**Problem requirements**
Would you output the entries below only from the line containing "Santos, Volume 1" through the line containing "victoria austin designs", exactly as they stand and with both ends included?

Collected data
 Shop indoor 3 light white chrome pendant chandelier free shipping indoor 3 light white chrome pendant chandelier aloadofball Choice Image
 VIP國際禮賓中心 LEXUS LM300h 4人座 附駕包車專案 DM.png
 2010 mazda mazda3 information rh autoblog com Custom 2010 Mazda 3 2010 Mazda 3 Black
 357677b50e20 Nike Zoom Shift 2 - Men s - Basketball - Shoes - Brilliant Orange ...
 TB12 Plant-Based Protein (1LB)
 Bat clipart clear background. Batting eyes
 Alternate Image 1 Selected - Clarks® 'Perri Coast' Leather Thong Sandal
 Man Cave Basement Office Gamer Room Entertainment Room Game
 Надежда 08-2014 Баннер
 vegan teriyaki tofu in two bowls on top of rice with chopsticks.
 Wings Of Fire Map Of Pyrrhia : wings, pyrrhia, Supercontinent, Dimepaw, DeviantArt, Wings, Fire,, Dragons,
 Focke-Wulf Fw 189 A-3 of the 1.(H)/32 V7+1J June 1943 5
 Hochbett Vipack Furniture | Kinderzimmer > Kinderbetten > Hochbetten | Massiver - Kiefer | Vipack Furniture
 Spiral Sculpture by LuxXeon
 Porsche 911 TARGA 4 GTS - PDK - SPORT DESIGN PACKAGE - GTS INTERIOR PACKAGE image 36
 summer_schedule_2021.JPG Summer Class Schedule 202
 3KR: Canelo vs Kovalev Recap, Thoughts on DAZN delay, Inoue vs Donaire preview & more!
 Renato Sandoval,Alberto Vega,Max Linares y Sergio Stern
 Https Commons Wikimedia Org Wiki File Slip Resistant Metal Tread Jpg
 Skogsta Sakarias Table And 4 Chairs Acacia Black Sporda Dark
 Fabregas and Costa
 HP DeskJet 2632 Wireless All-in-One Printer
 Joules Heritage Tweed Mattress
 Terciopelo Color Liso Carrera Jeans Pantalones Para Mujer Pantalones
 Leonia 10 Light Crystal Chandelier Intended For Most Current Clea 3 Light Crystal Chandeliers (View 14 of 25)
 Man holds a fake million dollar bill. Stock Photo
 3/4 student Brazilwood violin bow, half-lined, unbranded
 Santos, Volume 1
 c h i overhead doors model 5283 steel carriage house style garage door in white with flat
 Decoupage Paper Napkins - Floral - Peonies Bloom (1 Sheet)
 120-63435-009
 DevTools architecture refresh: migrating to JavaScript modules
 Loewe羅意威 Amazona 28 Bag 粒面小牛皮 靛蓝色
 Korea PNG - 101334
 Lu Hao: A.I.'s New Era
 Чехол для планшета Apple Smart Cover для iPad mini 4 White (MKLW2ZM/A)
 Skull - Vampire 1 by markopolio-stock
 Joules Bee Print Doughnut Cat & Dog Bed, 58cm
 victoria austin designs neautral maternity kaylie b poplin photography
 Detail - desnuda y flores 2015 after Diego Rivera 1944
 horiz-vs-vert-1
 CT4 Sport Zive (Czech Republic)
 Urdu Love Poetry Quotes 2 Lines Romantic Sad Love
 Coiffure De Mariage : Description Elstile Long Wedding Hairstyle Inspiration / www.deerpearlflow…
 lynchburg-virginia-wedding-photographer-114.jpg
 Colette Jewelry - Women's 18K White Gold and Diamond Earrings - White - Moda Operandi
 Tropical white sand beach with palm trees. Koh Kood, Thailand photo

**Answer**
 Santos, Volume 1
 c h i overhead doors model 5283 steel carriage house style garage door in white with flat
 Decoupage Paper Napkins - Floral - Peonies Bloom (1 Sheet)
 120-63435-009
 DevTools architecture refresh: migrating to JavaScript modules
 Loewe羅意威 Amazona 28 Bag 粒面小牛皮 靛蓝色
 Korea PNG - 101334
 Lu Hao: A.I.'s New Era
 Чехол для планшета Apple Smart Cover для iPad mini 4 White (MKLW2ZM/A)
 Skull - Vampire 1 by markopolio-stock
 Joules Bee Print Doughnut Cat & Dog Bed, 58cm
 victoria austin designs neautral maternity kaylie b poplin photography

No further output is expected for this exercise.